● **TASK DETAILS**:
Print exactly the lines below between the line containing "Crypto.com Crypto-monnaie en" and the line containing "Badmöbel Set MODUO", counting both of those lines. Leave pictures out.

● **DATA SECTION**:
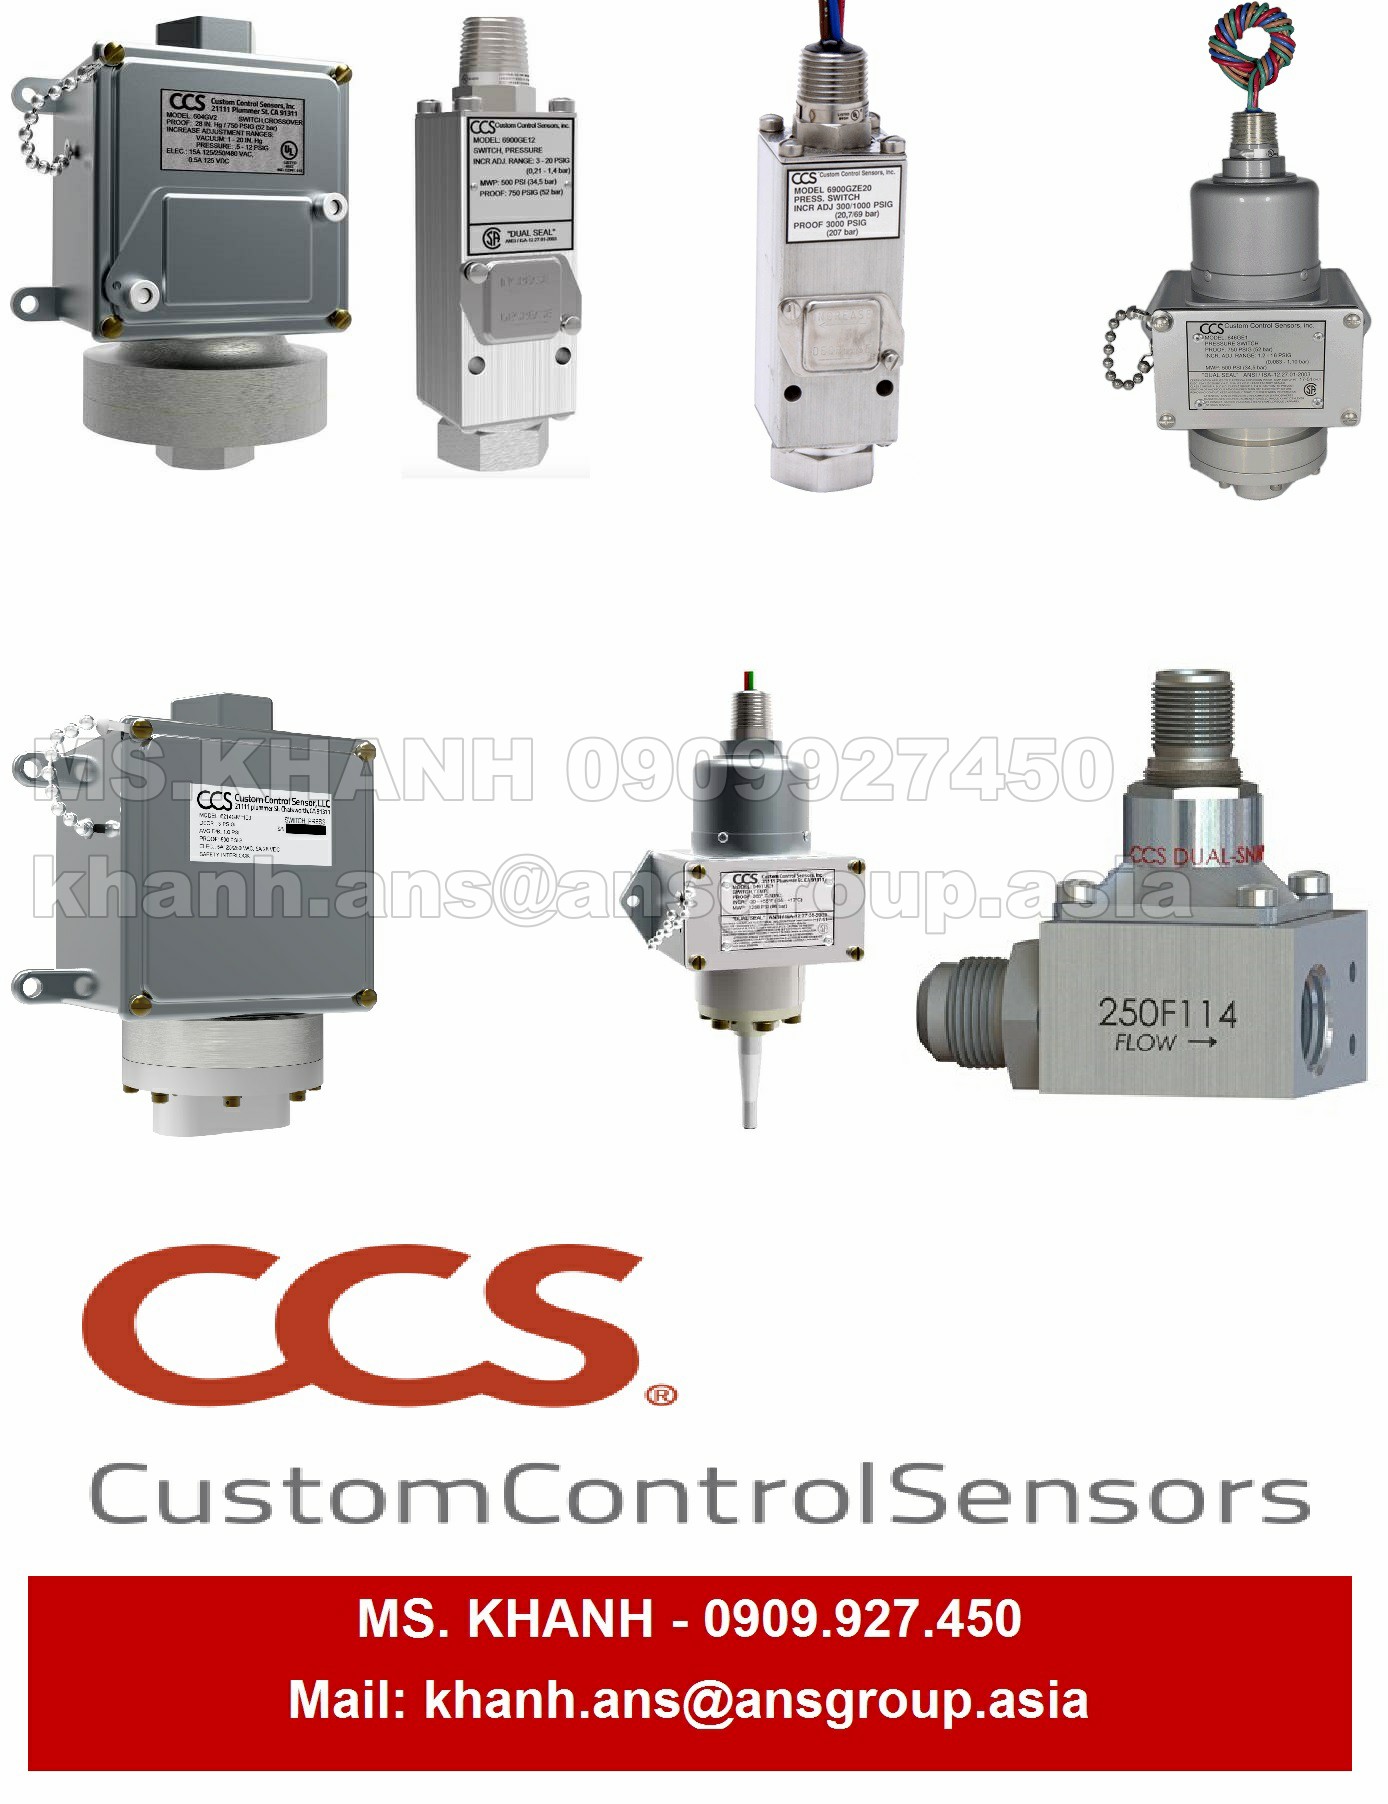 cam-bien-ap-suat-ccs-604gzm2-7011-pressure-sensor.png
==
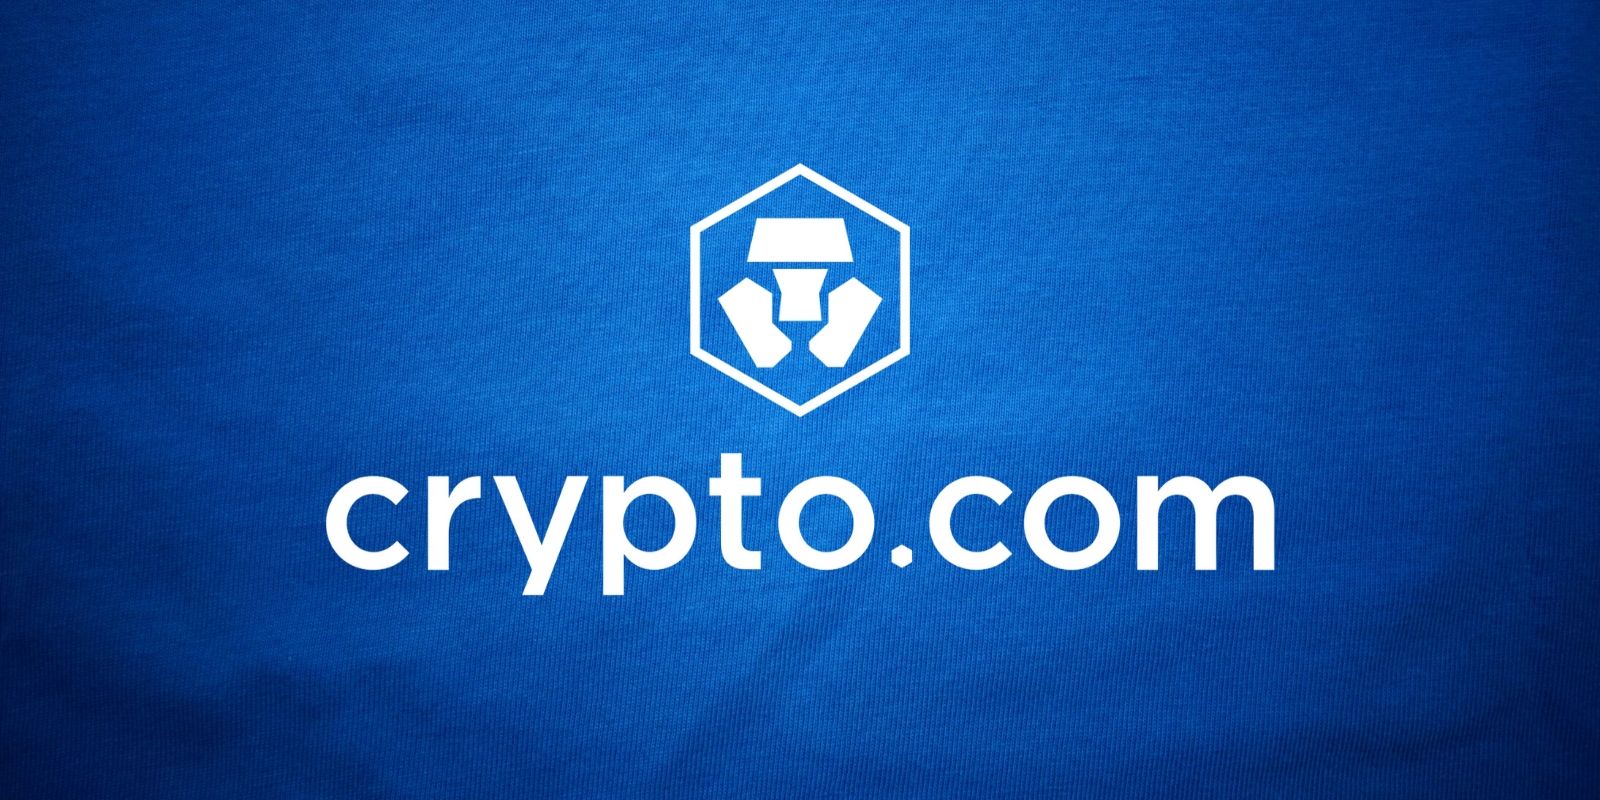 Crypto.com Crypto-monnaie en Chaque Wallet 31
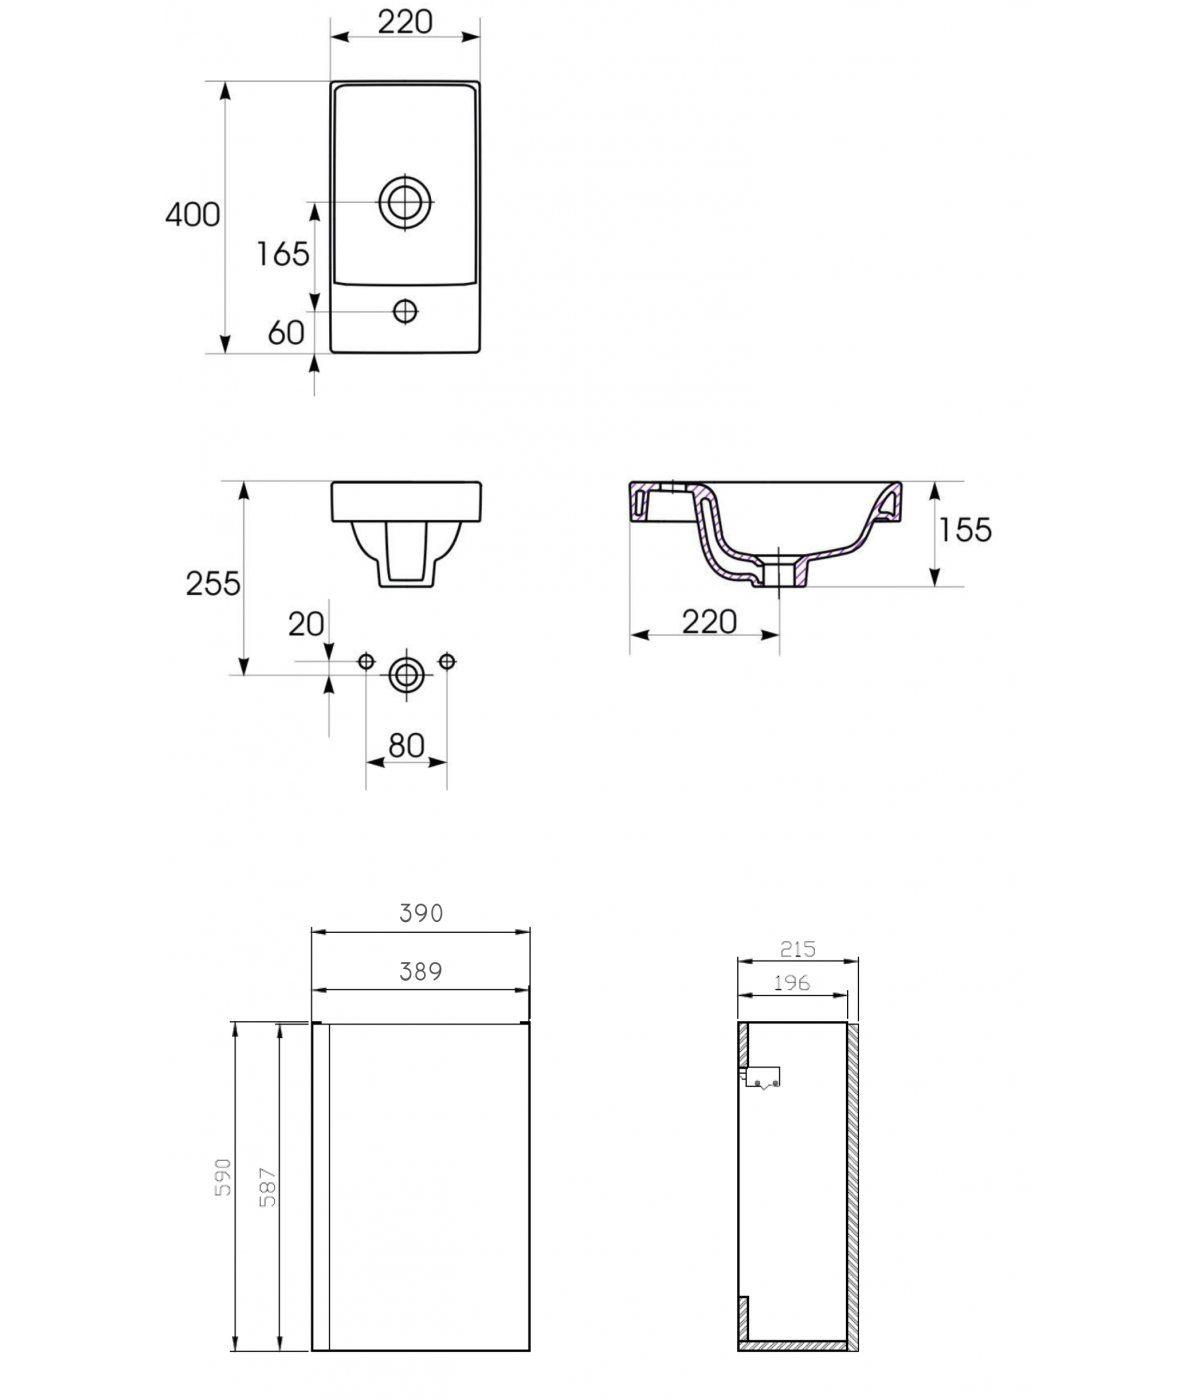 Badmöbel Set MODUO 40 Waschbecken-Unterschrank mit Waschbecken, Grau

● **WRITTEN SOLUTION**:
 Crypto.com Crypto-monnaie en Chaque Wallet 31
 Badmöbel Set MODUO 40 Waschbecken-Unterschrank mit Waschbecken, Grau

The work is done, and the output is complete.